● COLLECTED MATERIAL

+===+

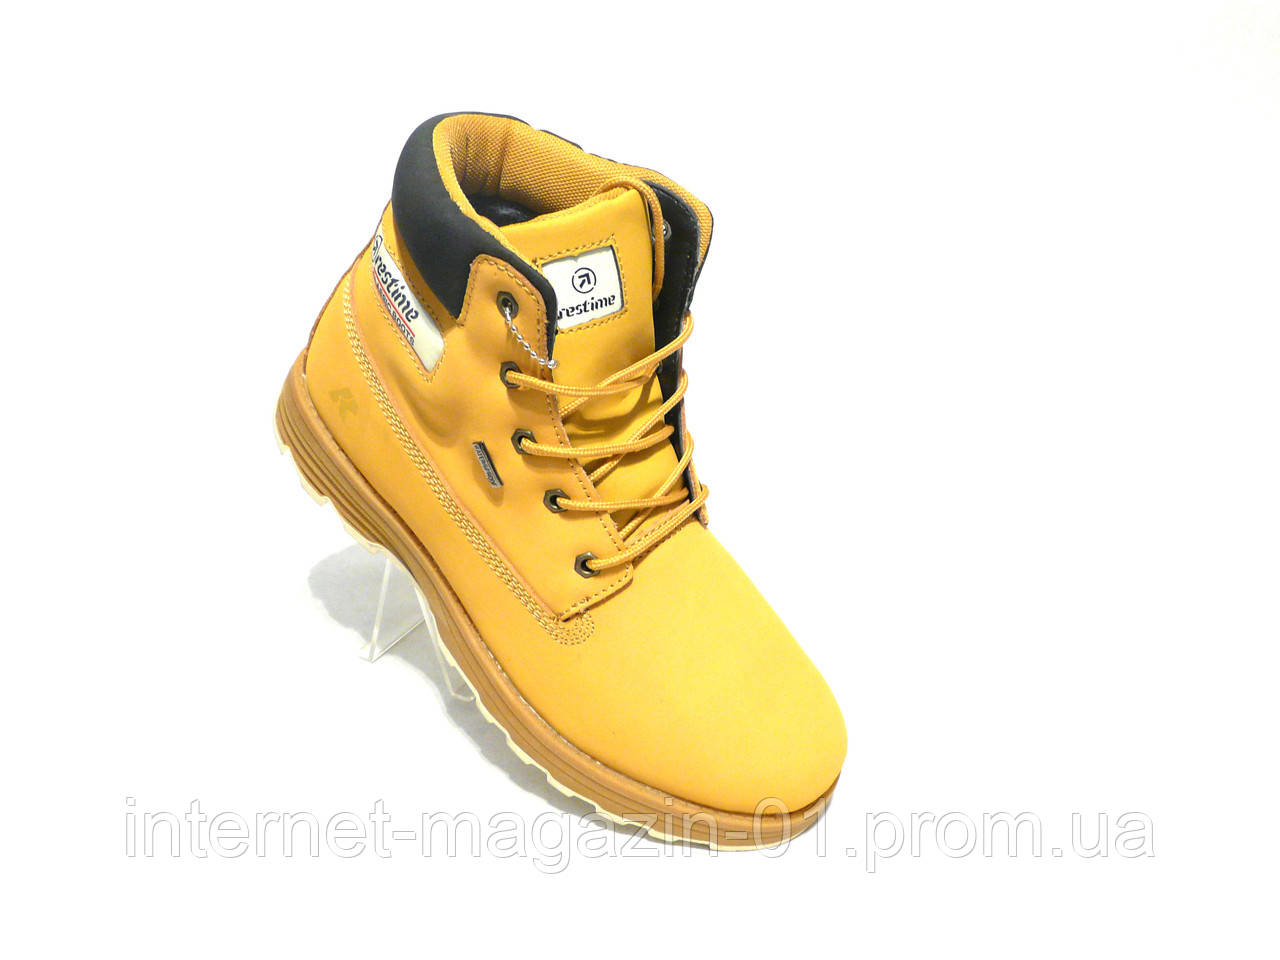 Зимові чоловічі шкіряні черевики Restime стиль Timberland жовтий
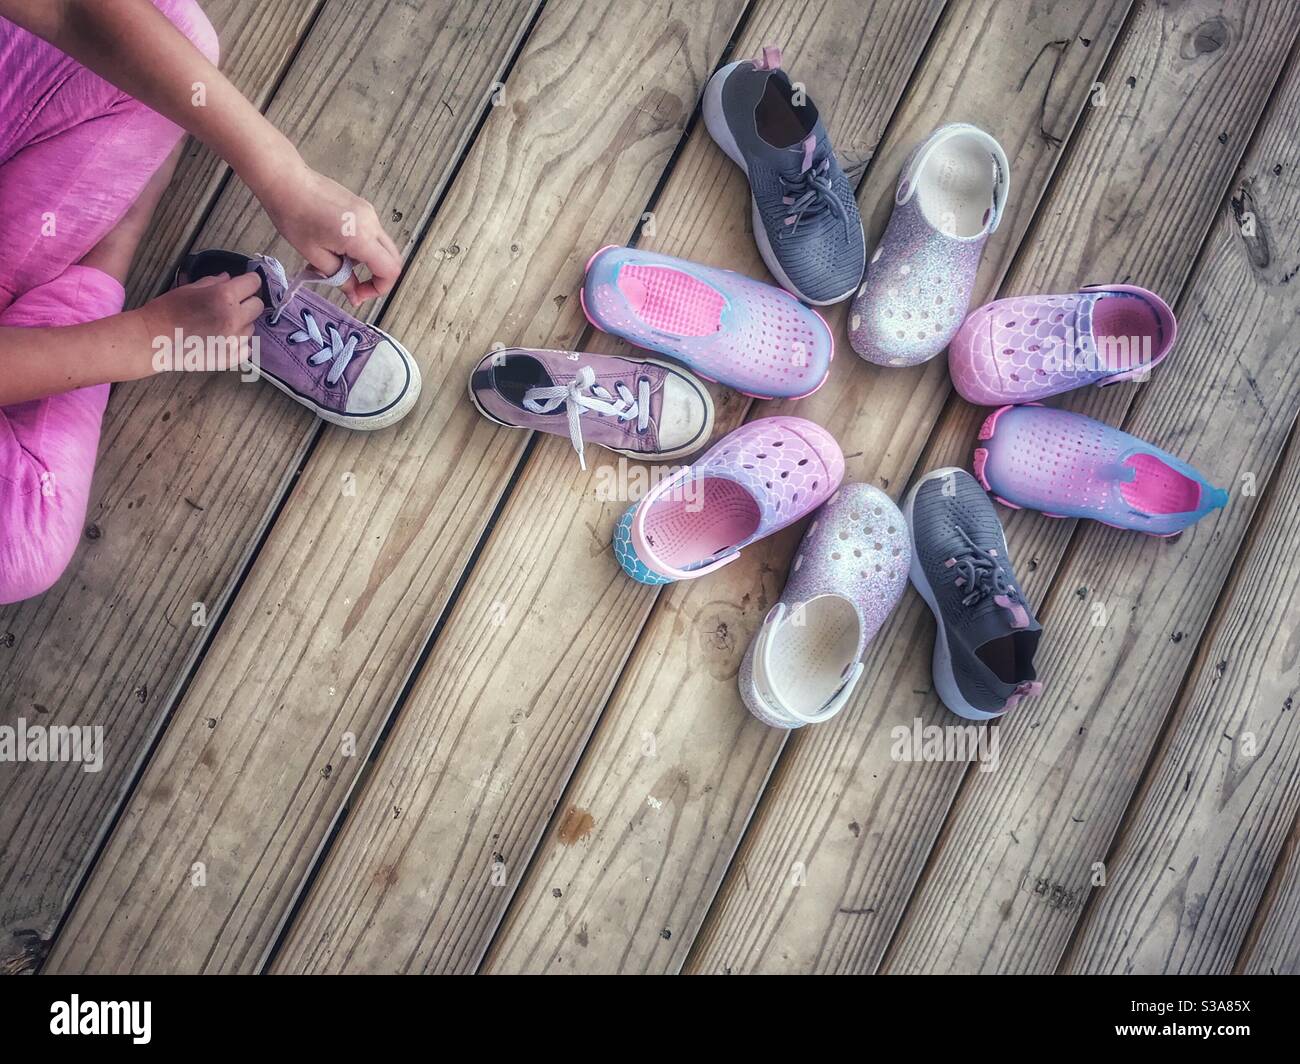 Estate foto di scarpe su portico arrangiato come un fiore da un bambino Foto Stock
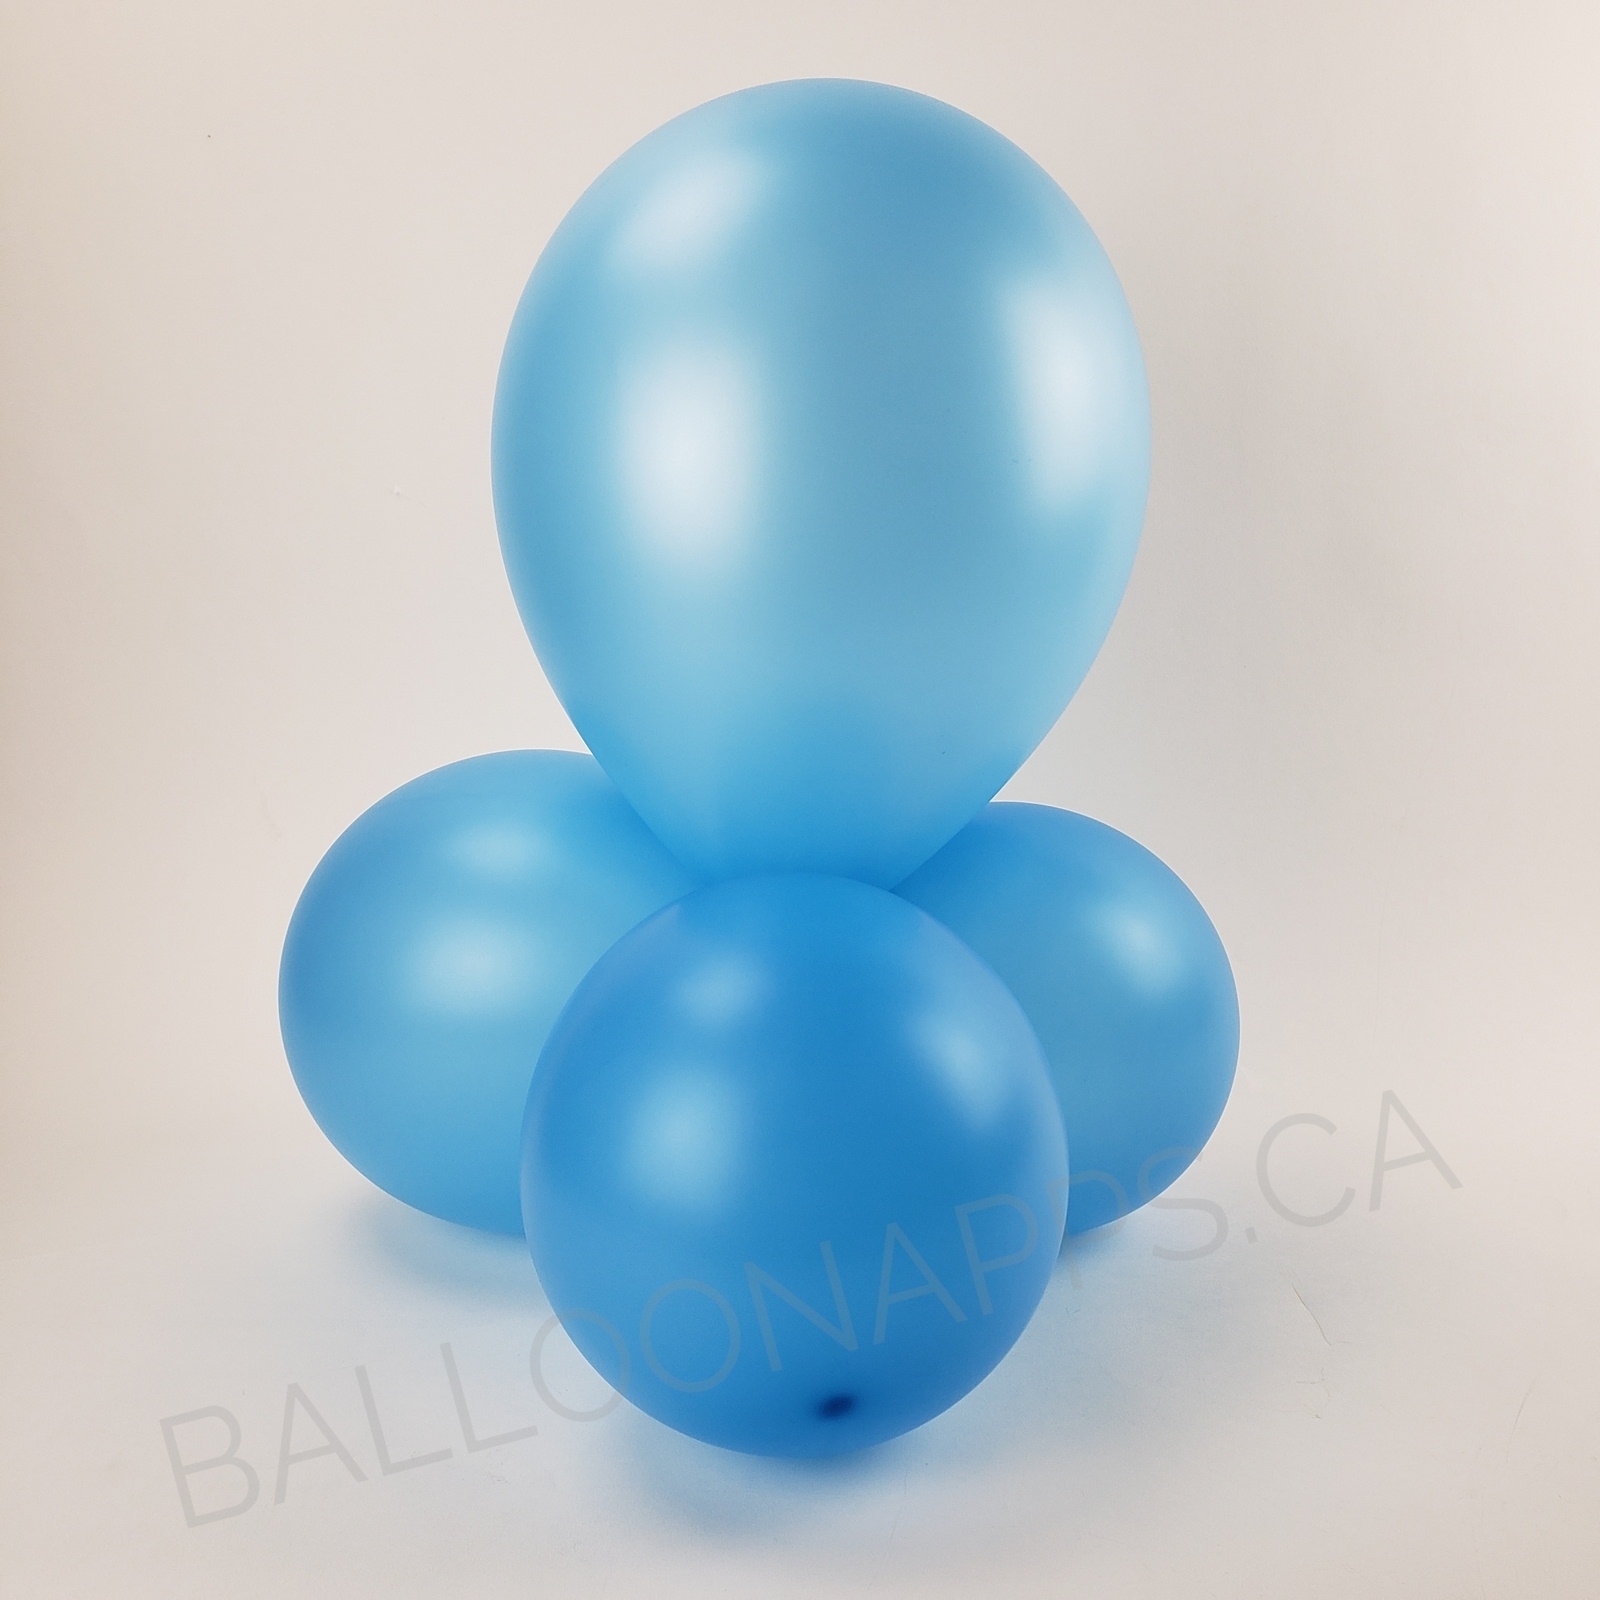 balloon texture Sempertex 260 Neon Blue

+===+

● YOUR TASK
Would you please copy the material exactly, leaving all the pictures out?

● WRITTEN ANSWER
 Зимові чоловічі шкіряні черевики Restime стиль Timberland жовтий
 Estate foto di scarpe su portico arrangiato come un fiore da un bambino Foto Stock
 balloon texture Sempertex 260 Neon Blue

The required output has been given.